In Durham County tensions rose. Members of the United Klans of America had plastered recruitment posters all over the north half of the county in February. Black children came home from school asking, "Who is the Klan? Will they get you?" Rumors were rife all over town until the principal of Durham High School called an assembly to explain the situation and to reassure students of their safety. Said one parent of a Durham High teenager, "The students were very upset. I was not just concerned, but outraged. I was prepared to go and sit in at the school for a week, but my daughter asked me not to. She felt that the principal, who is black, could handle it if they did show up."
The March 5 deadline also presented Miller with a problem. Clearly he was bluffing with his numbers. The "massive White march, rally, and demonstration" he had called for March 4 in downtown Raleigh never materialized. But he continued the bluff. The week before the deadline, he announced that Klansmen would drive by schools in unmarked cars and only make themselves known if they saw acts of violence, in which case they would make citizen's arrests. This plan allowed Miller to claim on March 6 that 3,000 to 5,000 Klansmen and sympathizers were patrolling near schools.
Attorney General Edmisten's office checked with several law enforcement officials and school administrators and turned up reports of Klan activity in only one place. In Sanford, according to school superintendent William Johnson, two cars containing men dressed in battle fatigues drove onto the school bus driveway at Lee County Senior High, then quickly drove off. Two cars also rode by W.B. Wicker School in Sanford; occupants yelled something unintelligible and drove off. Later, reports unconfirmed by the Attorney General's office placed Klansmen near schools or on campuses in Chapel Hill, Raleigh, Durham, and Wake Forest.
While Glenn Miller's March 5 statewide threat worked mainly for purposes of publicity and intimidation, since that date, Klan disruption has plagued schools in at least three North Carolina counties.
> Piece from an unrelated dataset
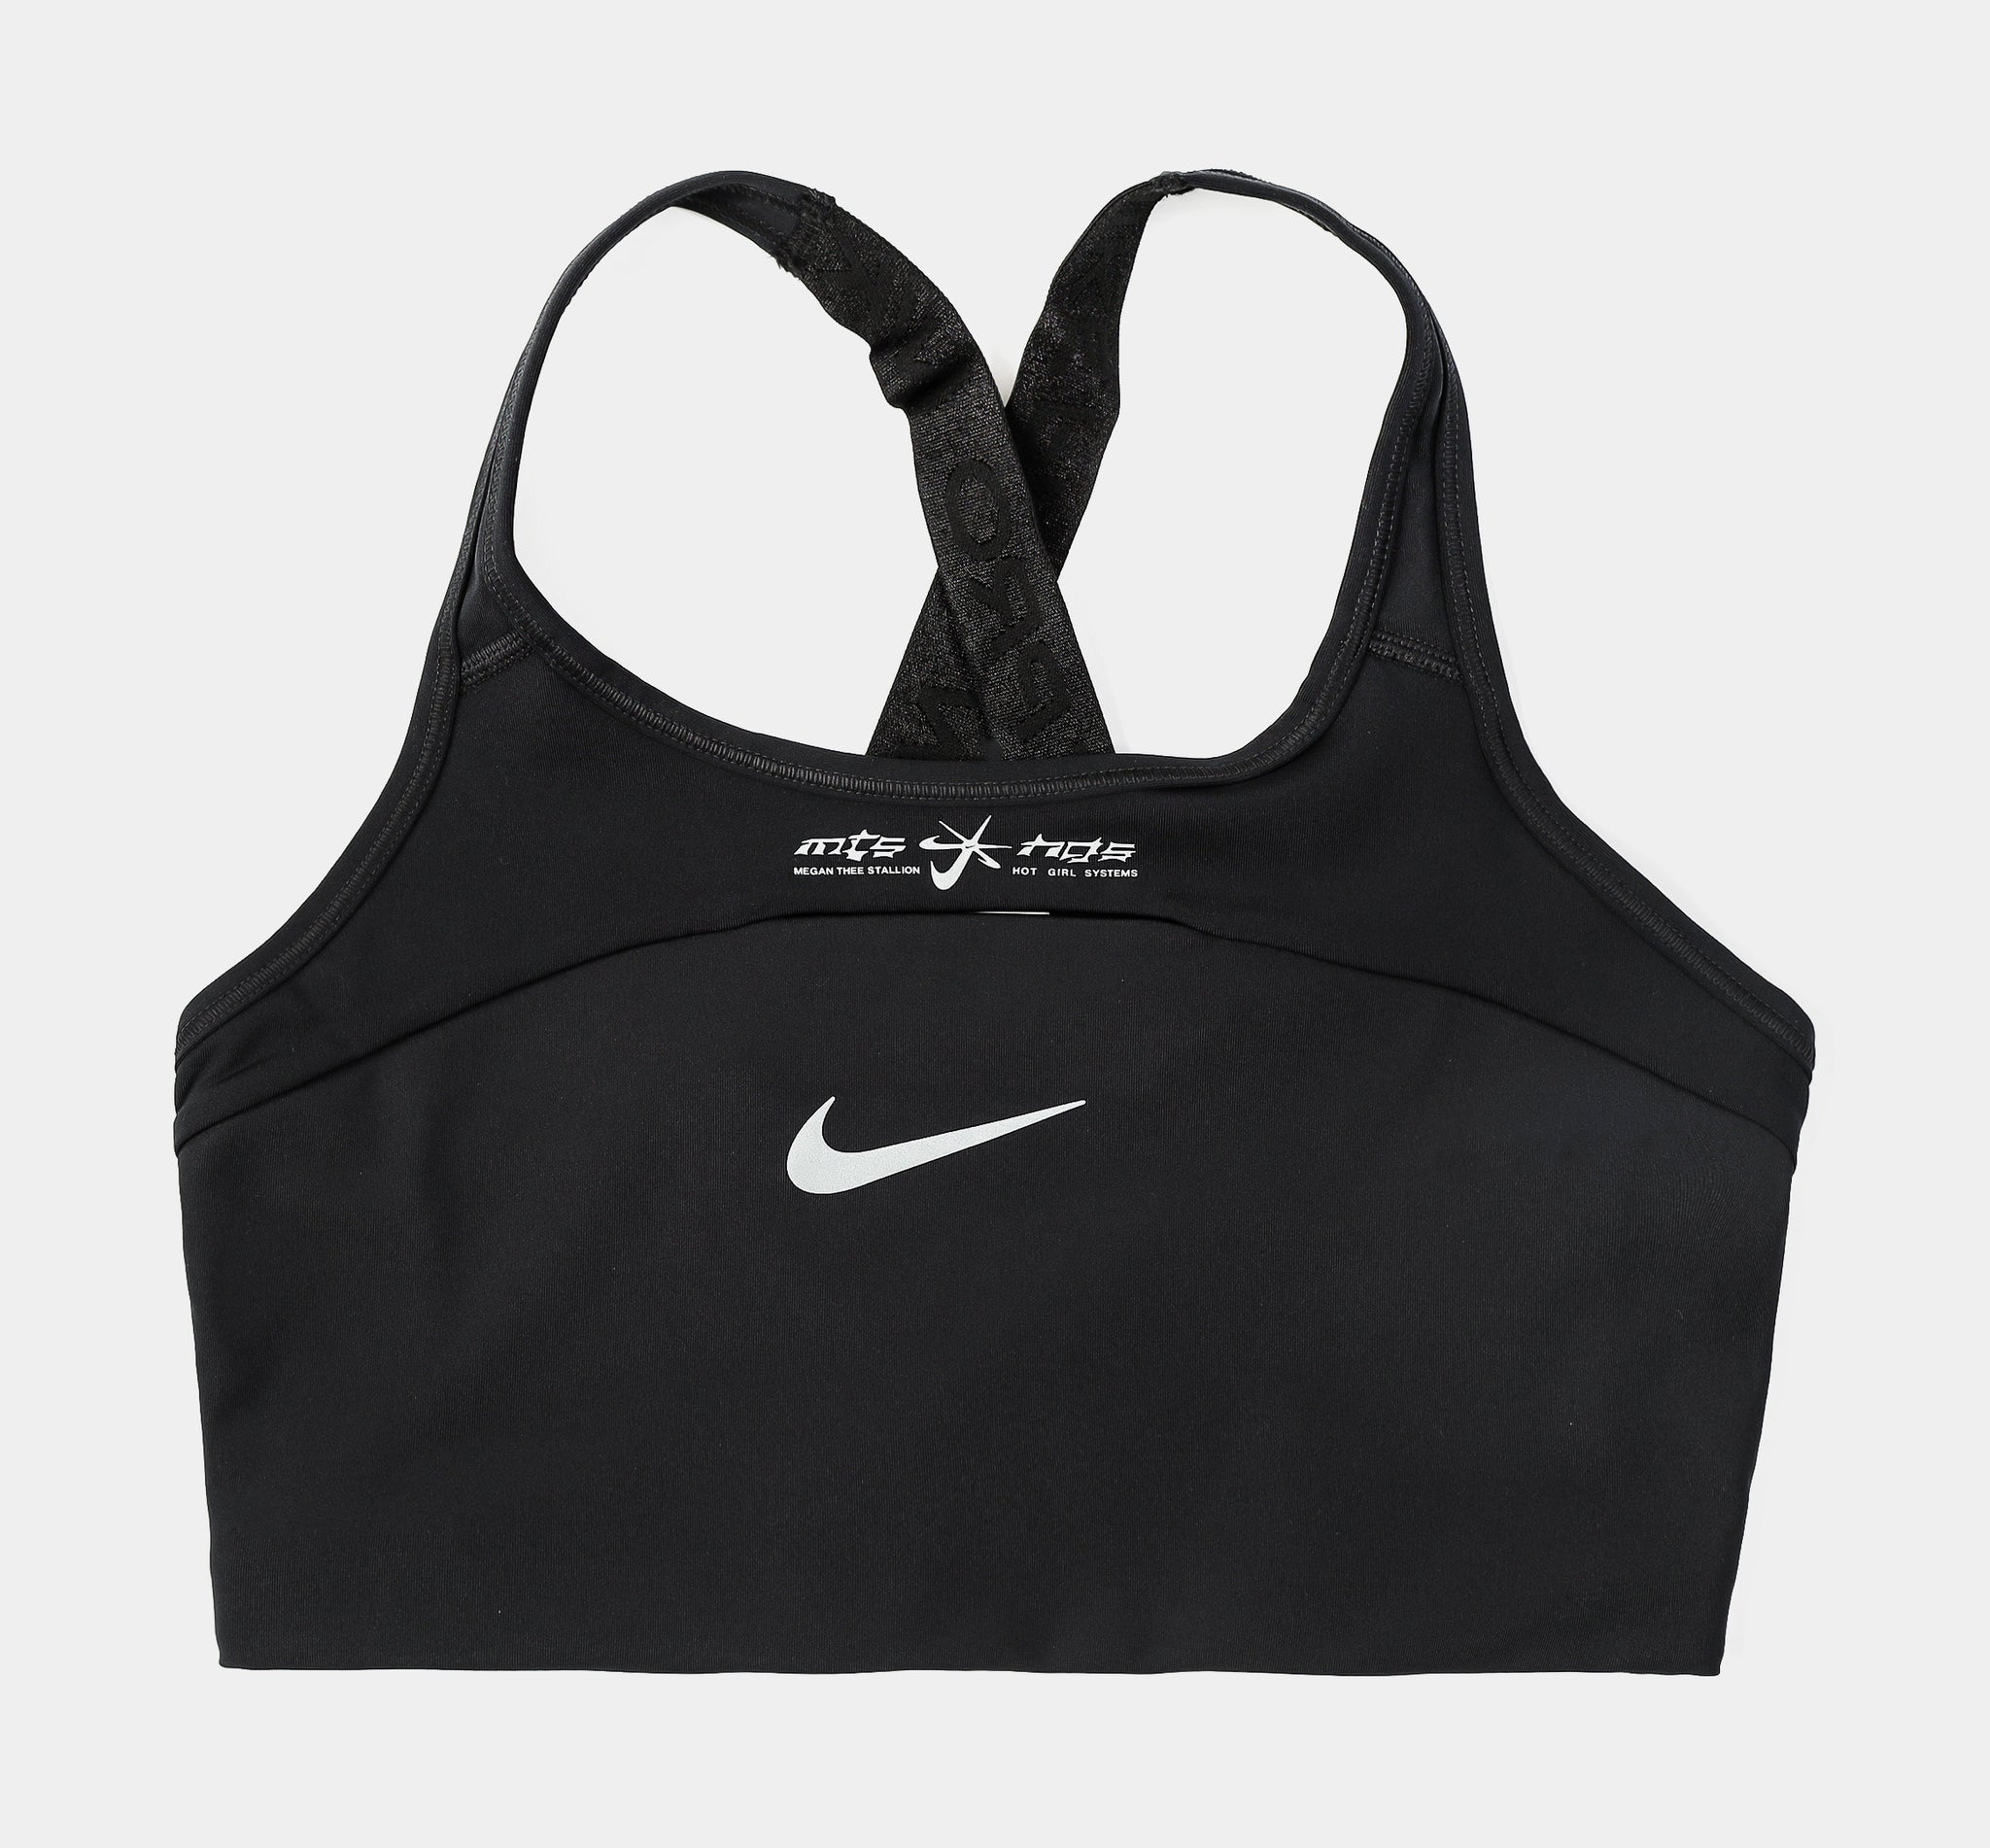 Nike Womens Ribbed Sports Bra, Black / White

In each case, briefly described below, the school's experience presents lessons: if local government, law enforcement, and school officials do not clearly and quickly make it known that the Klan is not welcome, the tensions within the schools — the same tensions the Klan seeks to exploit — will continue to fester. And when public officials and the general citizenry do not organize against the Klan, parents will.
Lee County's Sanford schools have experienced the most harassment by adult Klansmen in the past year. By and large, school officials and community leaders have handled the situation well.
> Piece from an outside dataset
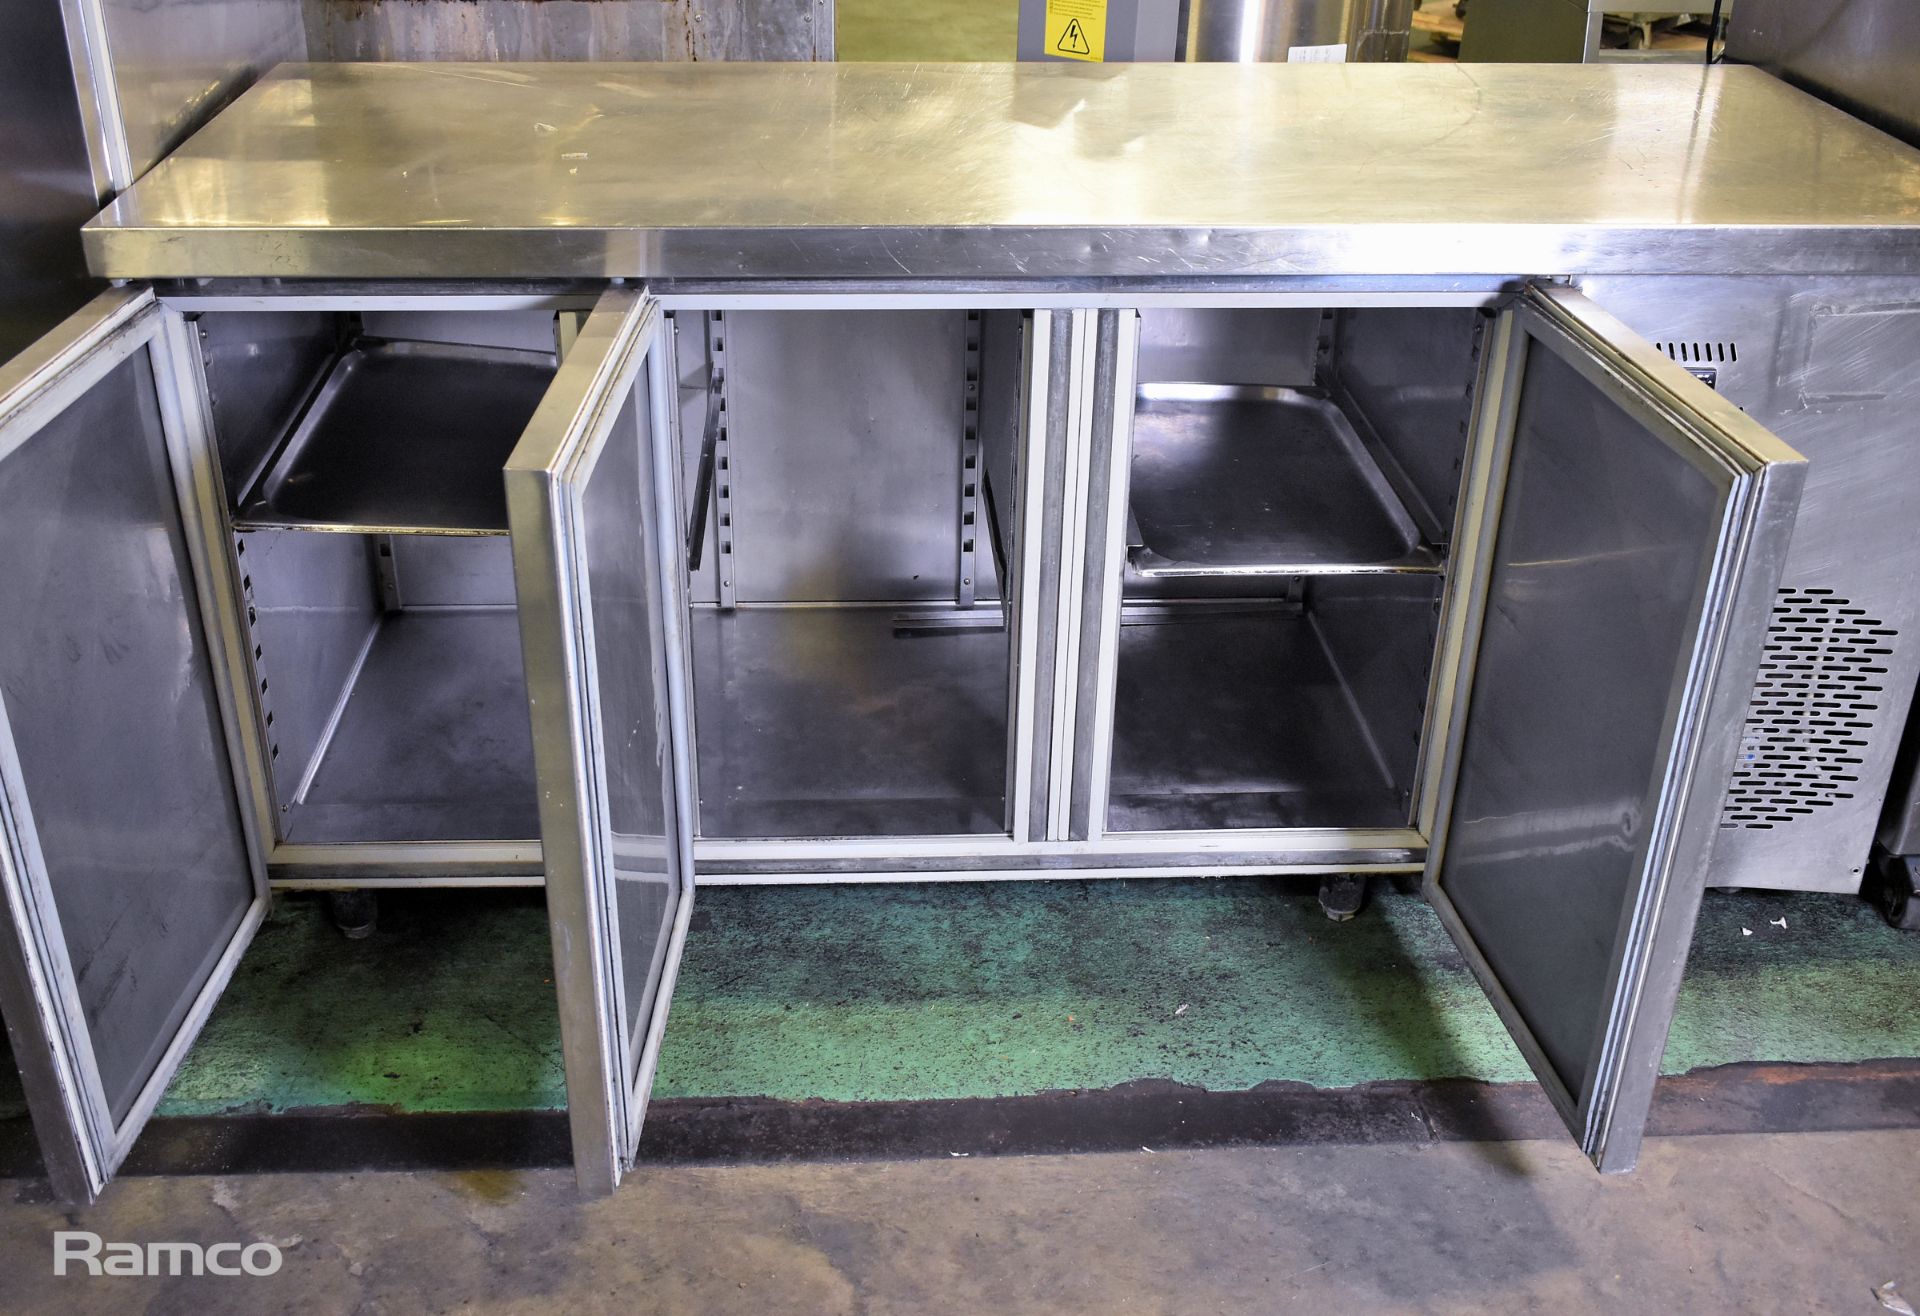 Inomak PN999/N stainless steel triple door counter fridge - W 1800 x D 700 x H 860mm - Image 2 of 5

Miller's January demands to the attorney general were inspired in large part by his experiences in Lee County, one of the Piedmont counties where his Carolina Knights are most active. On November 15, 1983, a white girl was raped at W.B. Wicker Middle School, and a black man was charged with the crime. Three days later, a Klan delegation that included Miller visited Sanford Mayor Rex McLeod, asking permission to allow an armed Klansman to patrol the grounds and hold "safety" classes for whites only. "I didn't appreciate it," McLeod said of the Klan visit. The next week, the Lee County School Board decided to hire a security guard for the school. Miller praised the guard as a "step in the right direction."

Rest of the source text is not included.